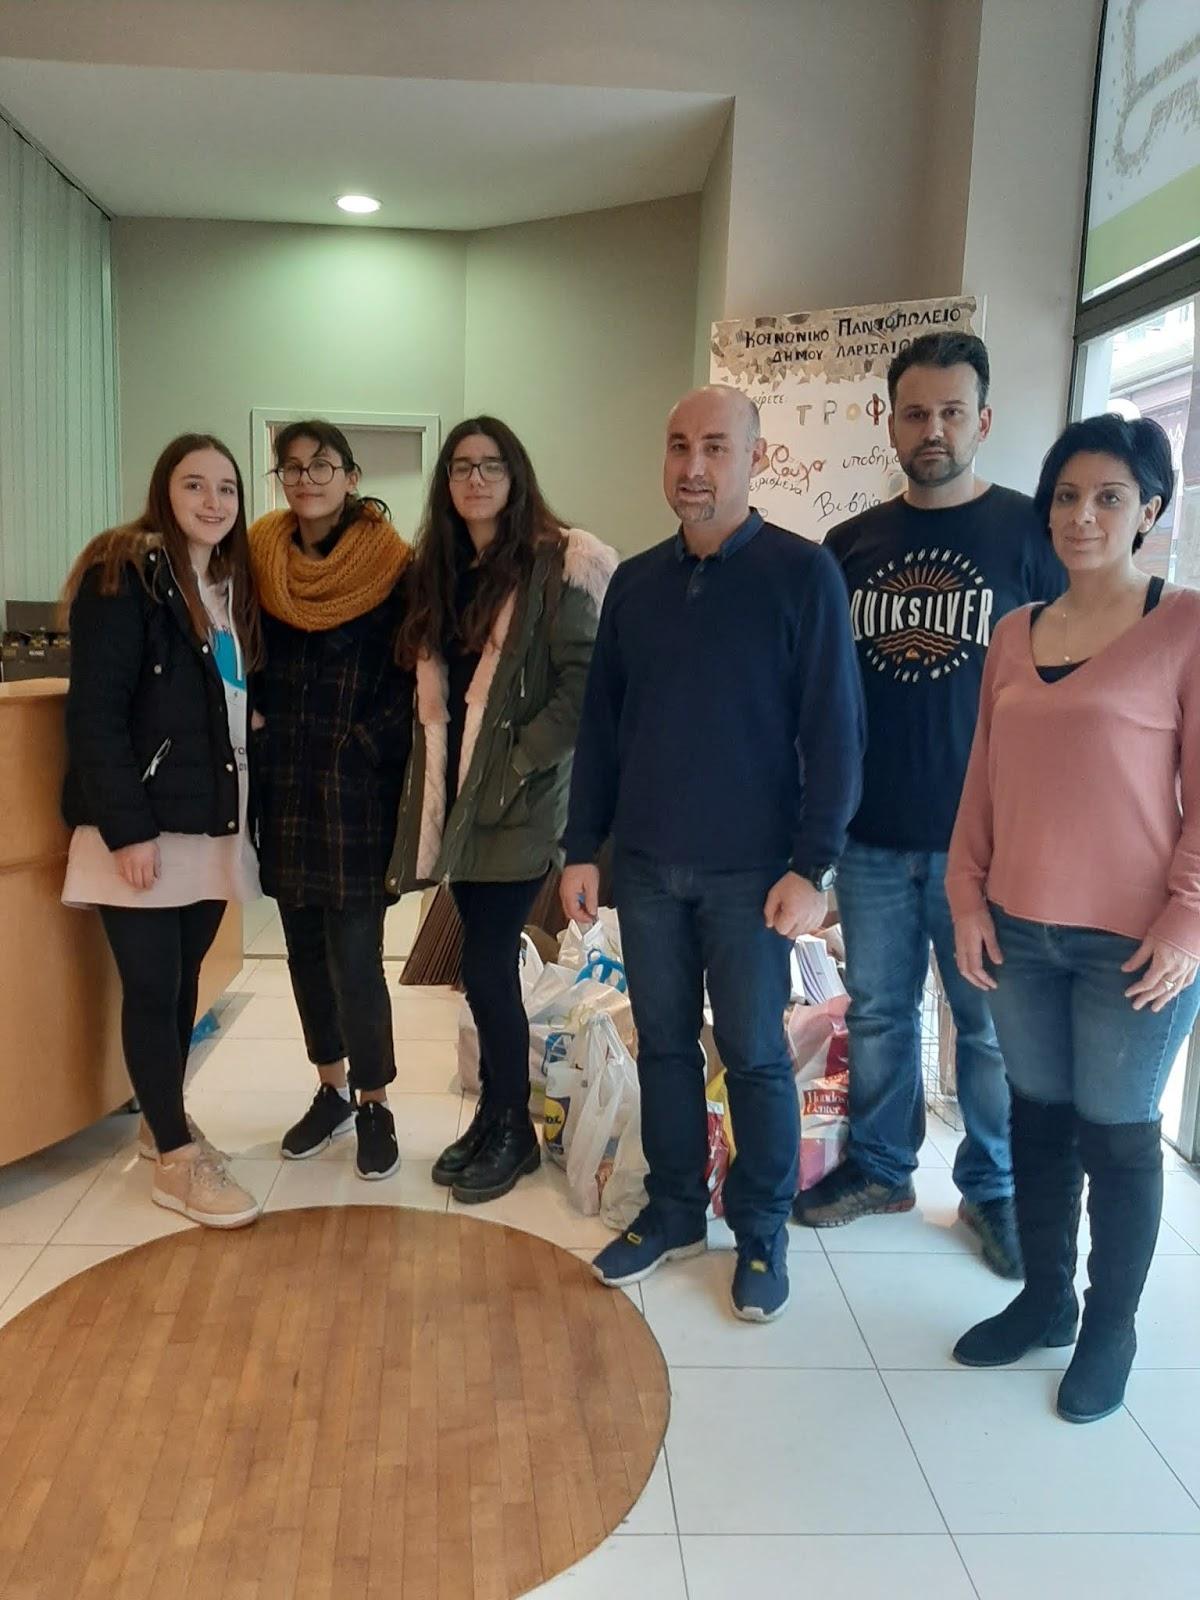 Τρόφιμα προσέφεραν οι μαθητές του 12ου Λυκείου Λάρισας
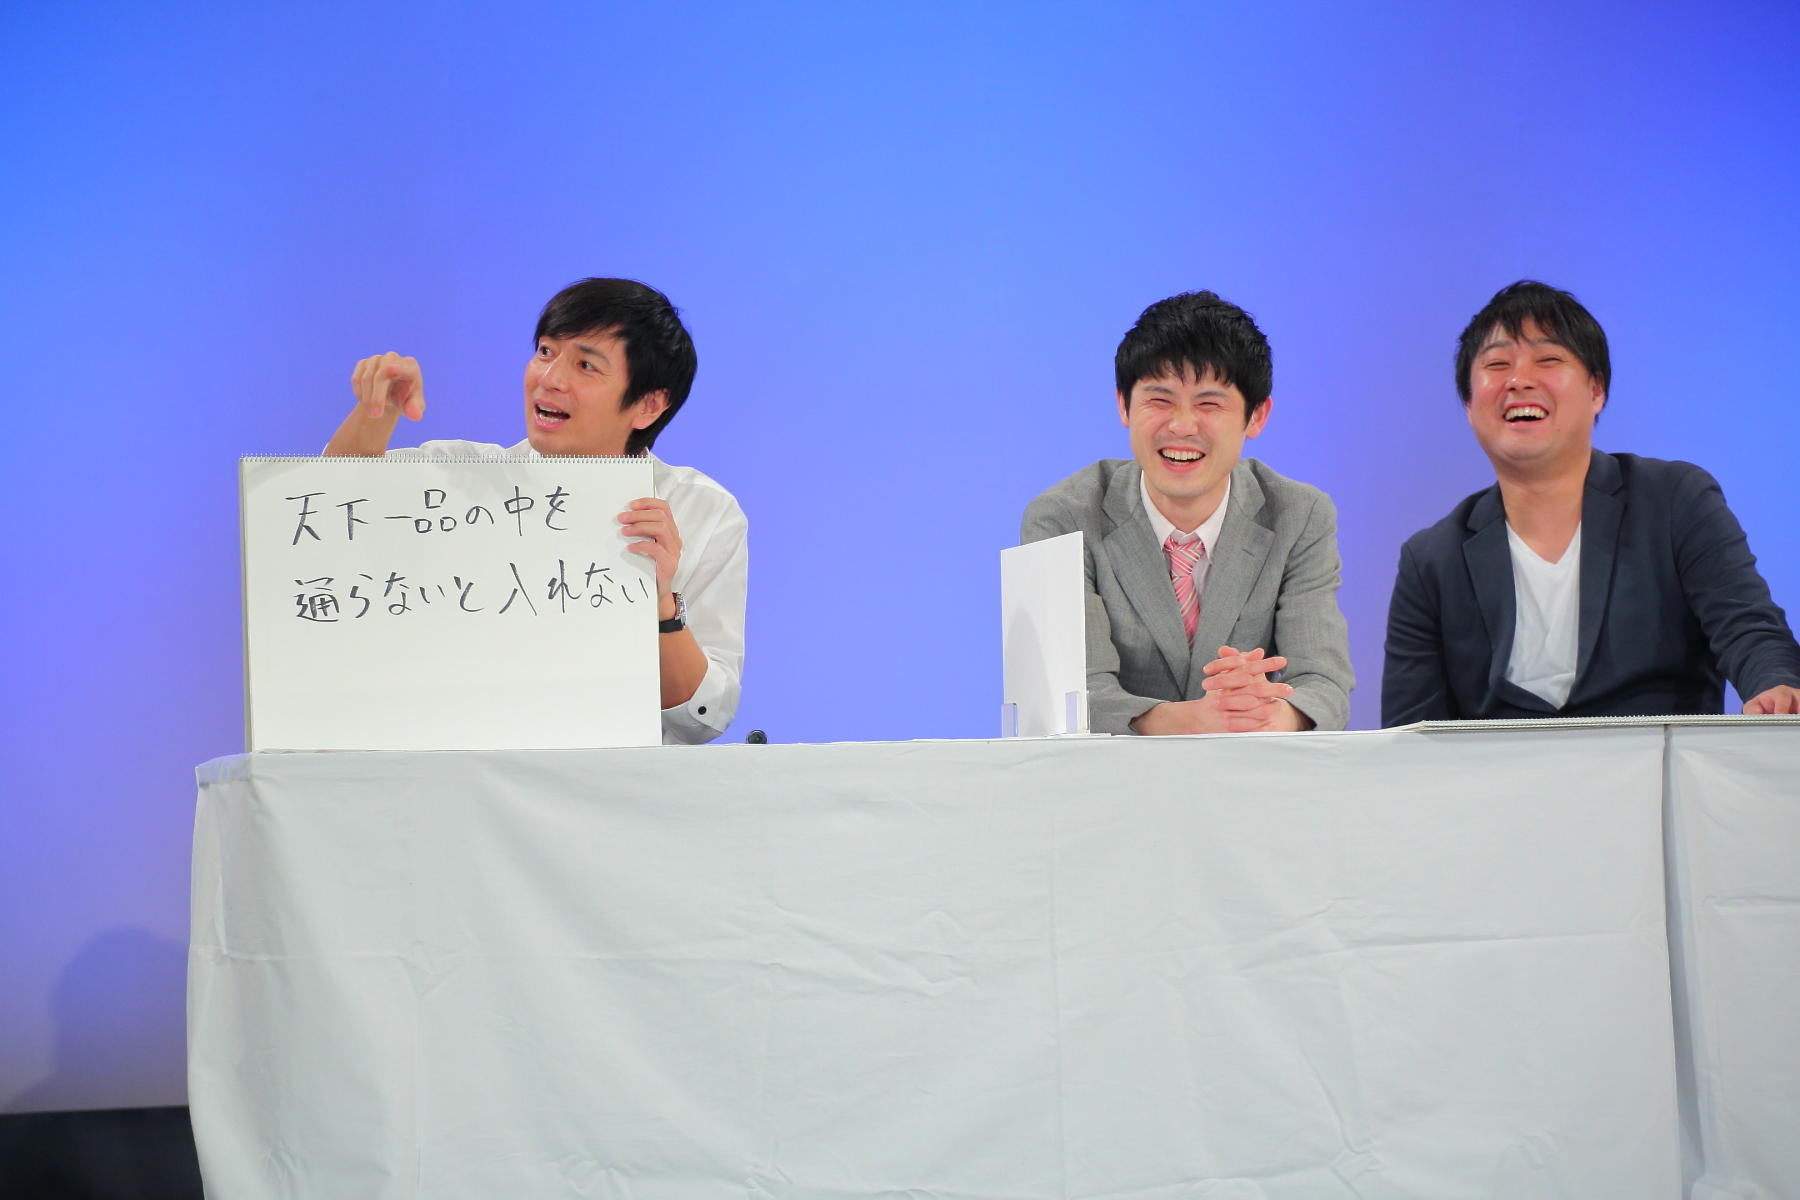 http://news.yoshimoto.co.jp/20170316064406-825b71b1826c0680205f40058d4ccebd21203890.jpg
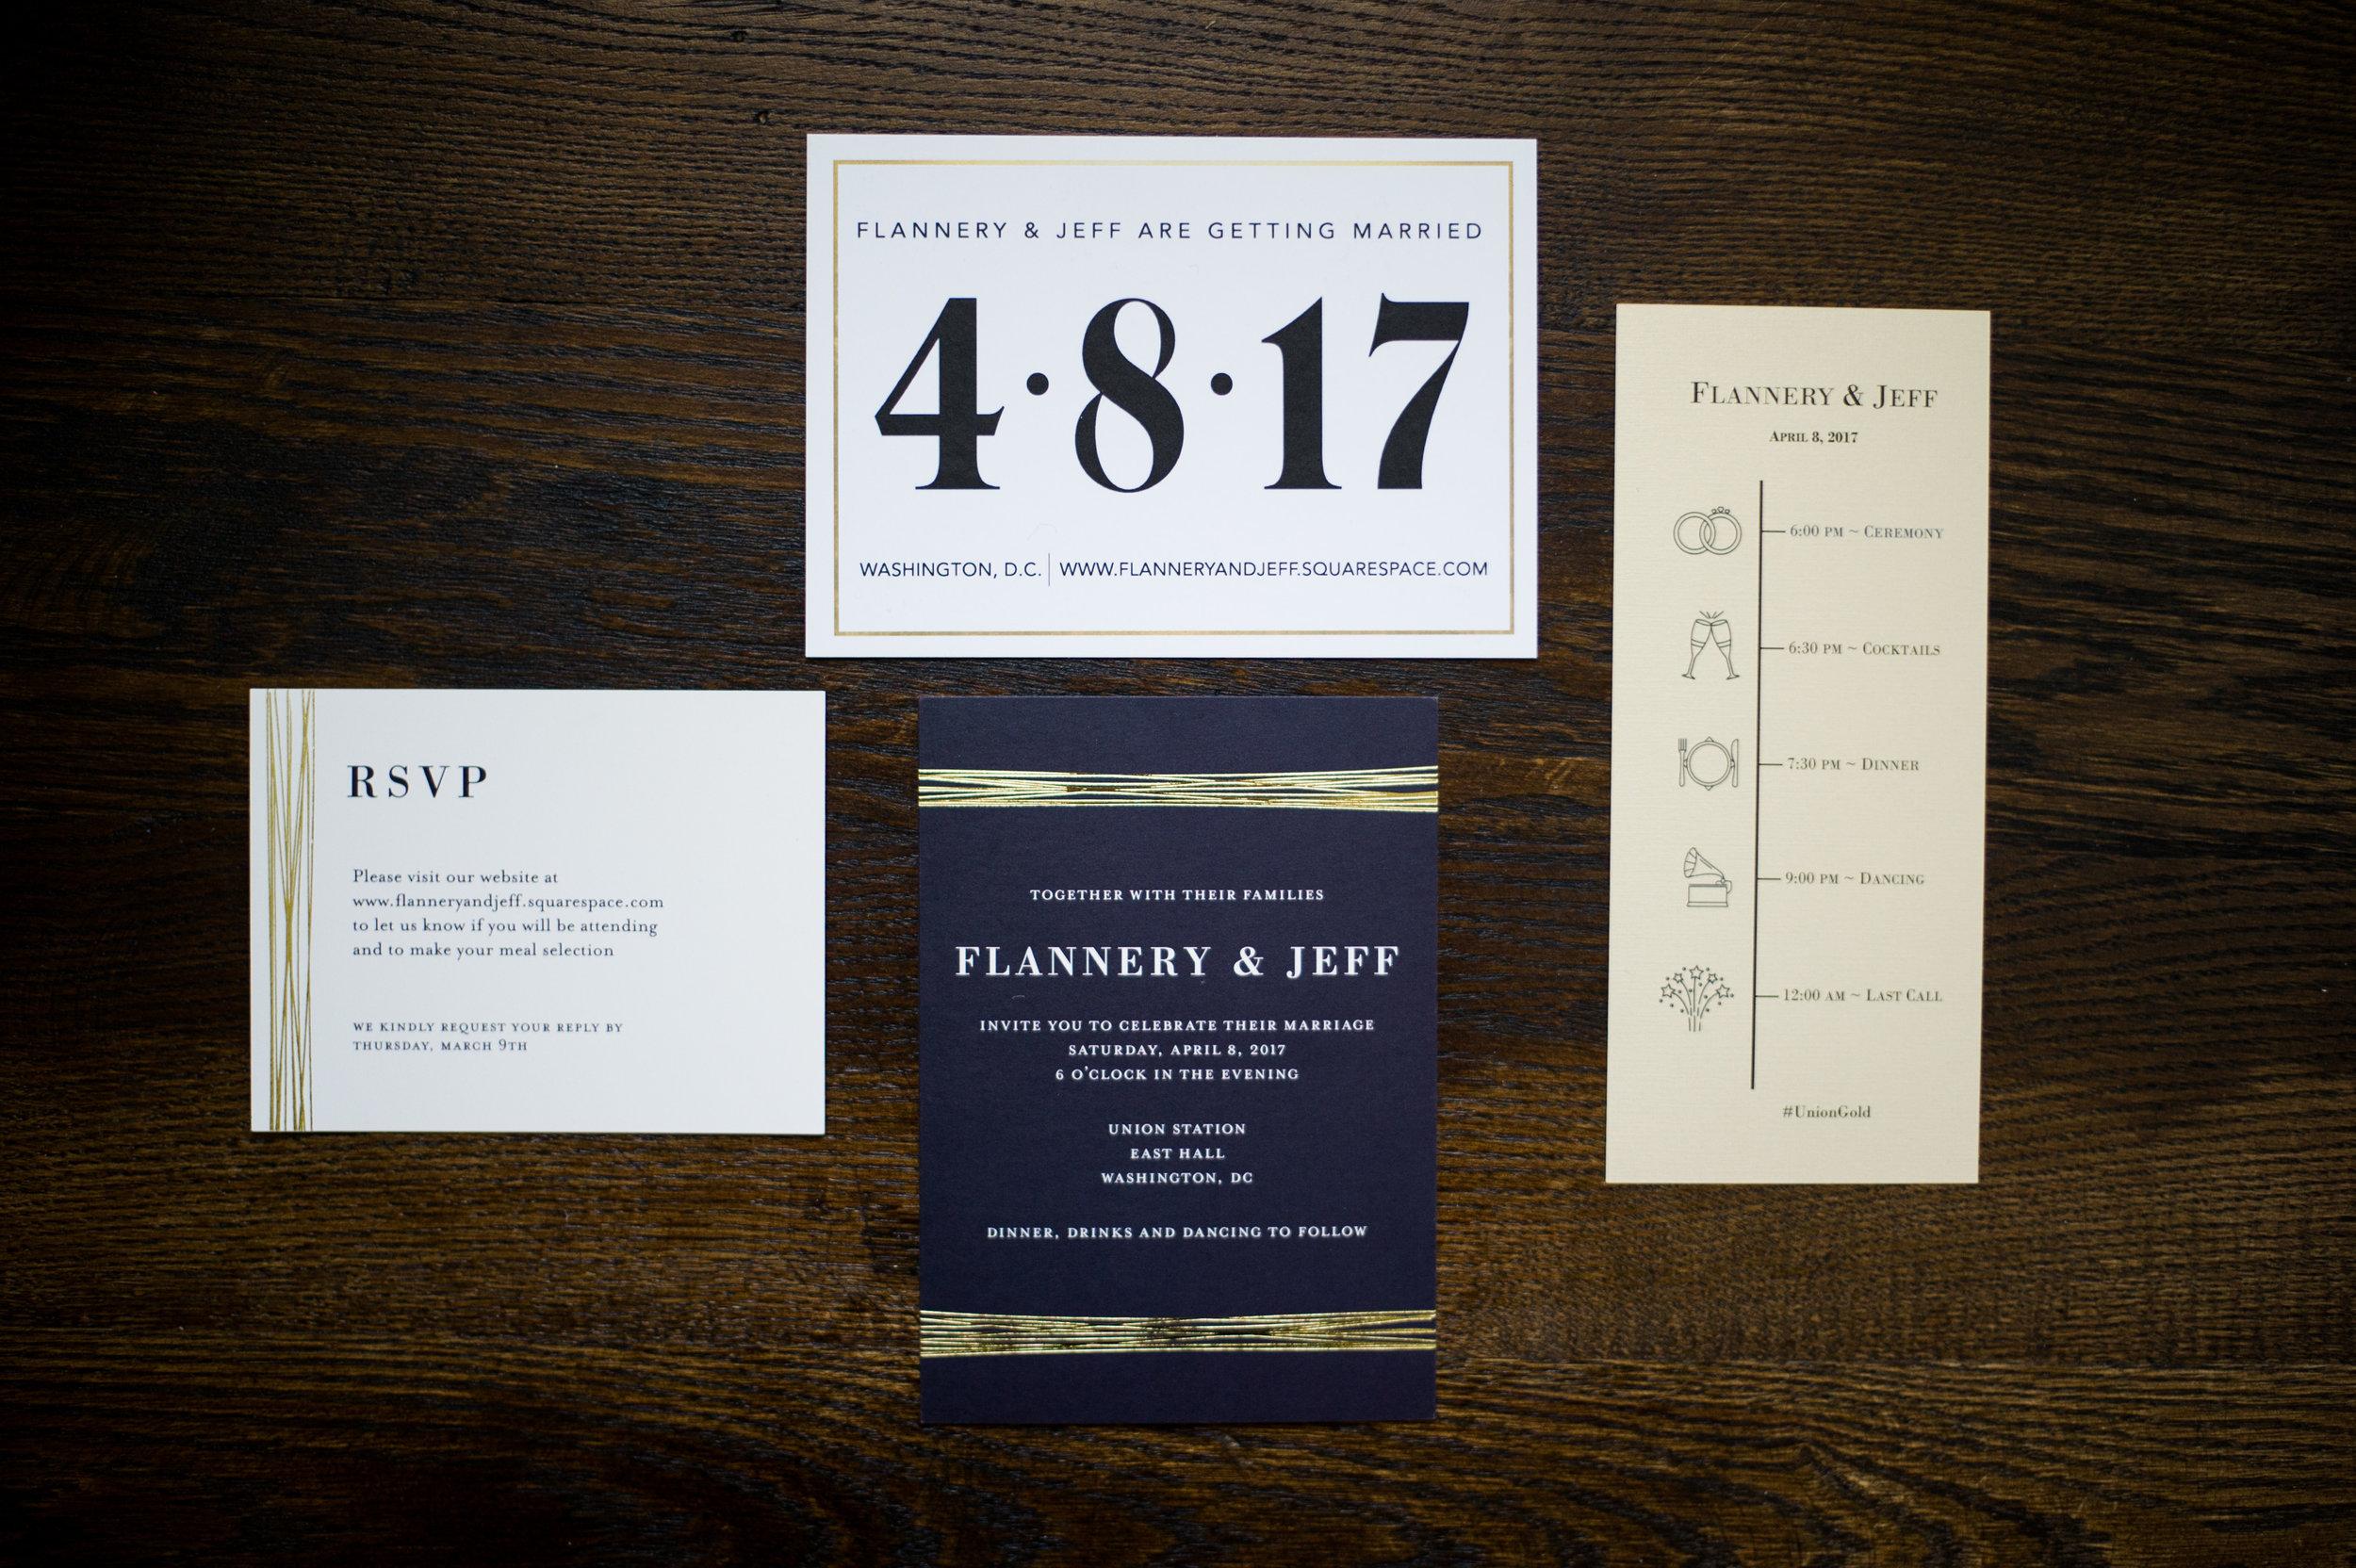 FlanneryJeffPreviews1002 - Copy.jpg
- - - - -
• [PROBLEM]: When you output the listing, reproduce it exactly but drop its pictures.

• [YOUR RESPONSE]:
 Τρόφιμα προσέφεραν οι μαθητές του 12ου Λυκείου Λάρισας
 http://news.yoshimoto.co.jp/20170316064406-825b71b1826c0680205f40058d4ccebd21203890.jpg
 FlanneryJeffPreviews1002 - Copy.jpg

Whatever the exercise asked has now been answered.